I sistemi semiautomatici sono sistemi provvisti di meccanismi meccanici che facilitano l’ingresso dell’ago nello spazio intraosseo. In commercio sono disponibili:
- il sistema FASTx, utilizzabile esclusivamente per via sternale. Esso è dotato di una guida che contiene il dispositivo di infusione.

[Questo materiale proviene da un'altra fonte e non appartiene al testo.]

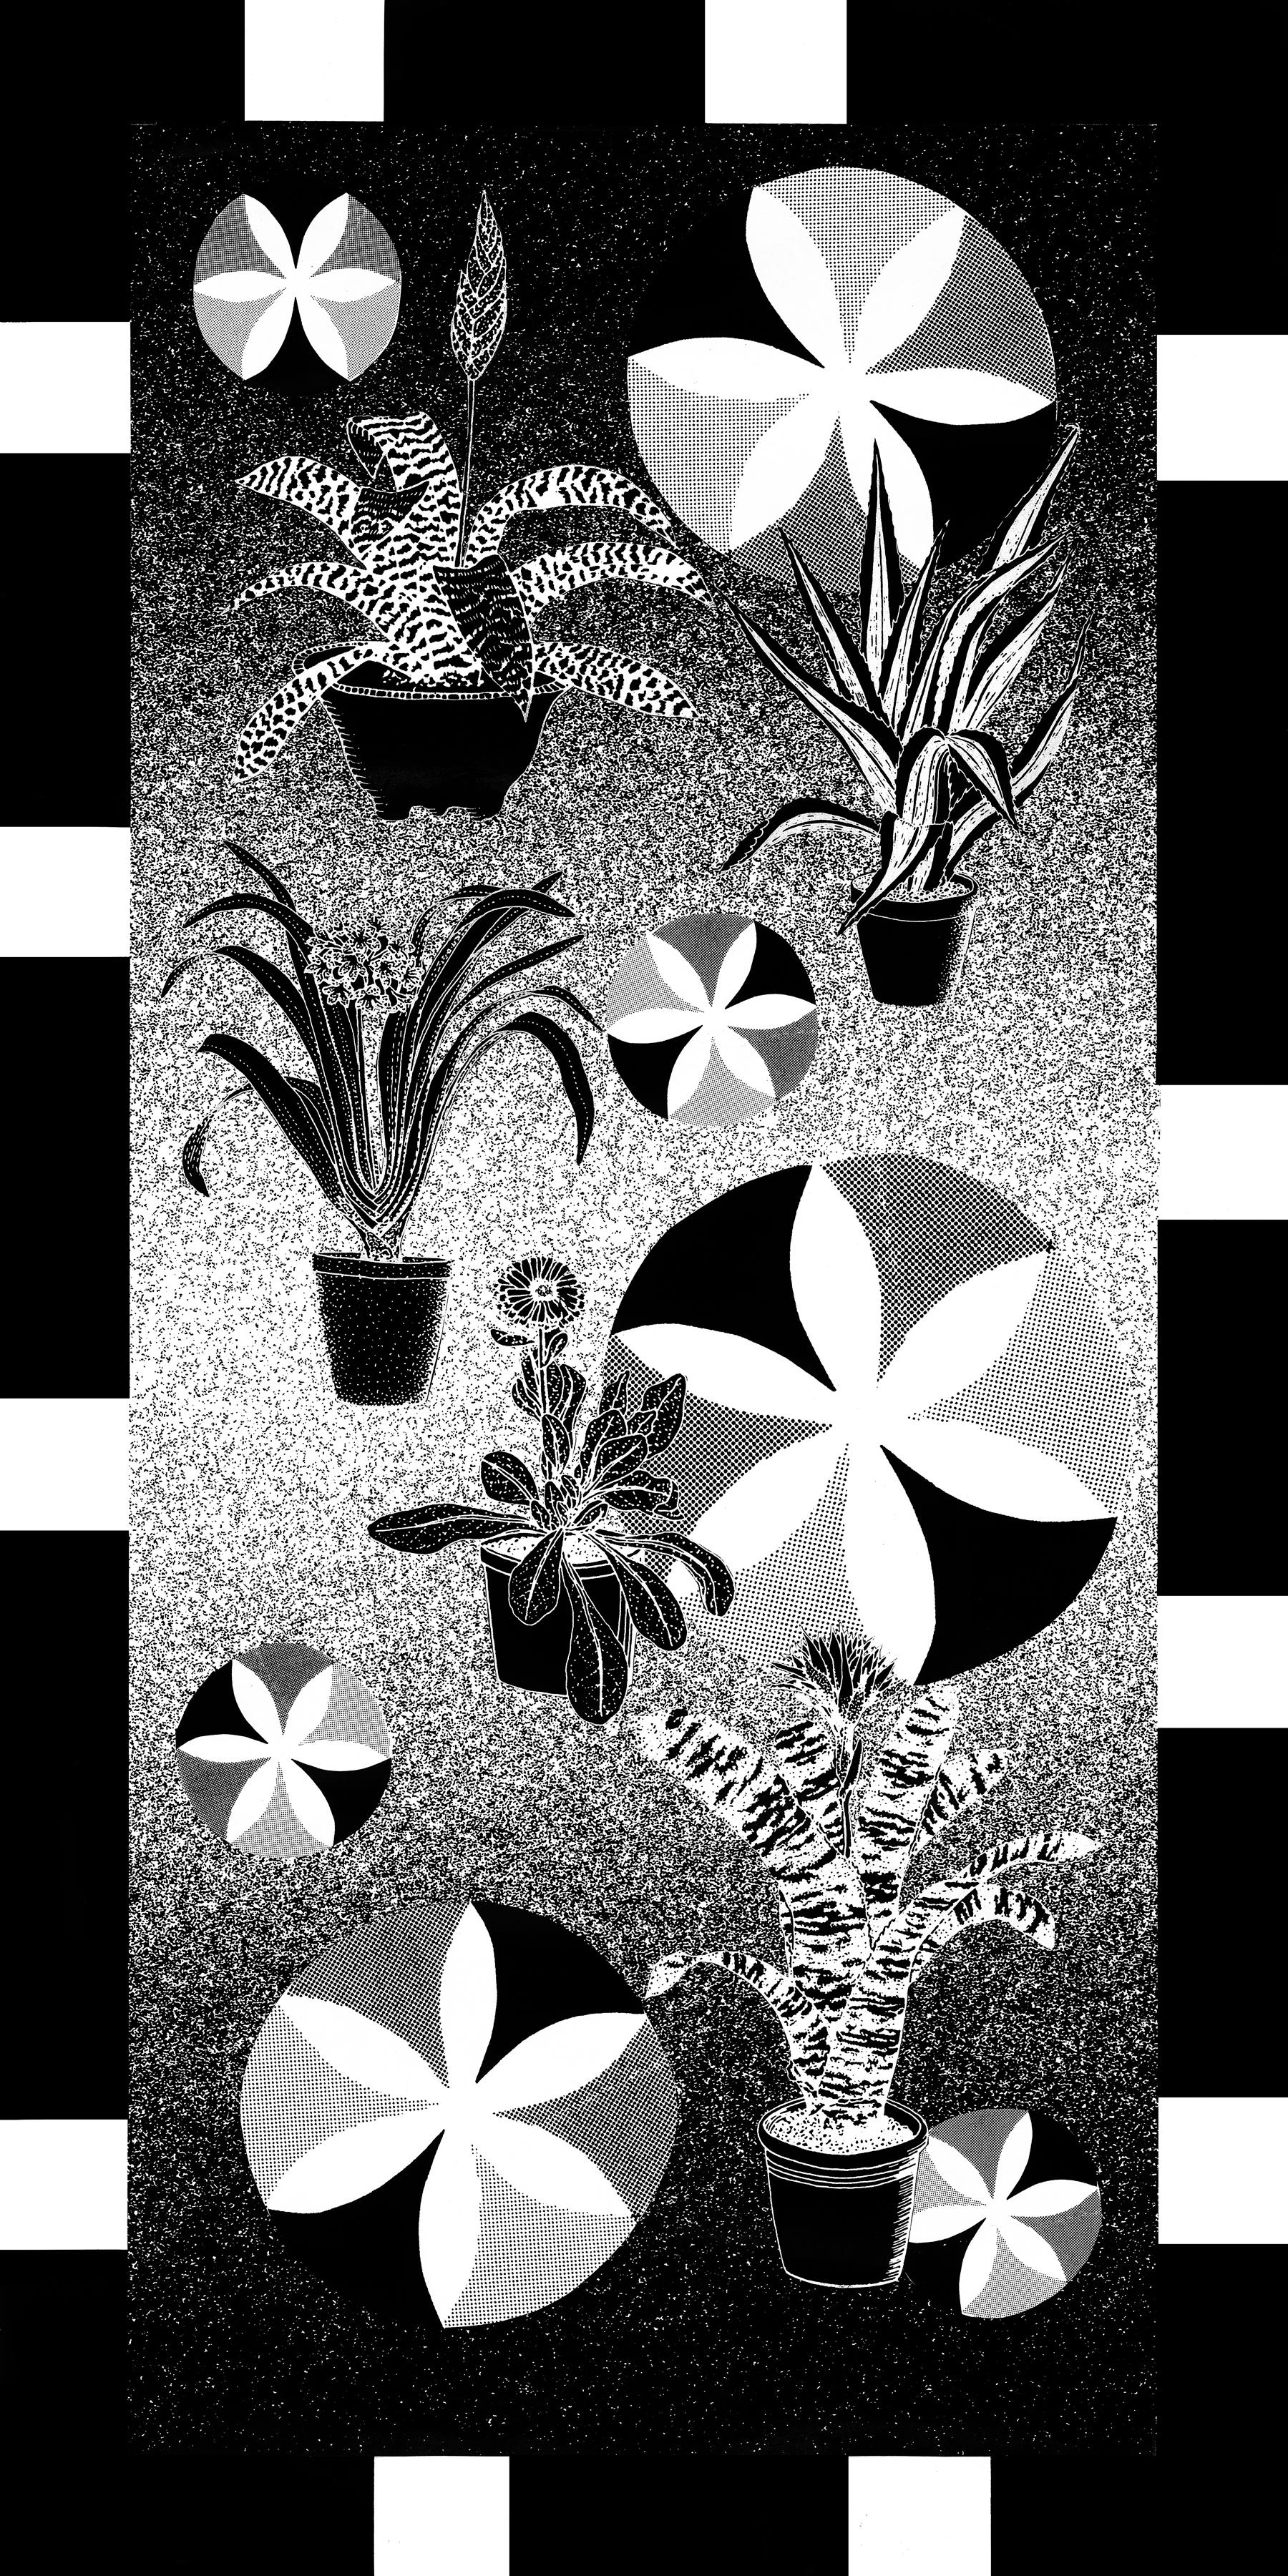 "Beach Towel  Alicia Nauta x Penny Arcade  60"" x 30"" cotton towel  Edition of 35  2017"

Premendo la guida sul sito di inserzione si innesta nel tessuto osseo; successivamente si rimuove la guida, mentre il dispositivo resta in sede;
- il sistema BIG (Bone Injection Gun), grazie al quale l’ago viene inserito per mezzo di un meccanismo a molla precaricata con il quale però bisogna prediligere la tibia prossimale come sito di inserzione (rispetto all’EZ-IO sono riportate in letteratura una maggior quantità di complicanze);
- il sistema EZ-IO, unico riutilizzabile, grazie al quale l’ago viene inserito per mezzo di un trapano elettrico. È considerato il dispositivo più preciso e più semplice da usare.
Conferma del corretto posizionamento dell’intraossea
Come riusciamo a capire se la procedura è stata eseguita correttamente e l’ago è ben posizionato?
Se si avverte un’improvvisa perdita di resistenza al momento dell’inserzione, se l’ago ha la capacità di rimanere infisso nell’osso senza supporto, in presenza di possibilità di aspirare facilmente sangue dall’ago con una siringa, in assenza di rigonfiamento sottocutaneo dopo infusione di qualche ml di liquido e se abbiamo bassa resistenza al flusso dopo l’inizio dell’infusione, allora possiamo essere sicuri del corretto posizionamento.
Le complicazioni dell’accesso intraosseo
Sono rare e riguardano meno dell’1% di tutti i posizionamenti.
La più comune complicazione è la sindrome compartimentale dell’arto successiva a stravaso extraosseo sottocutaneo dell’infusione.
Altre complicanze sono legate all’utilizzo prolungato oltre le 24 ore.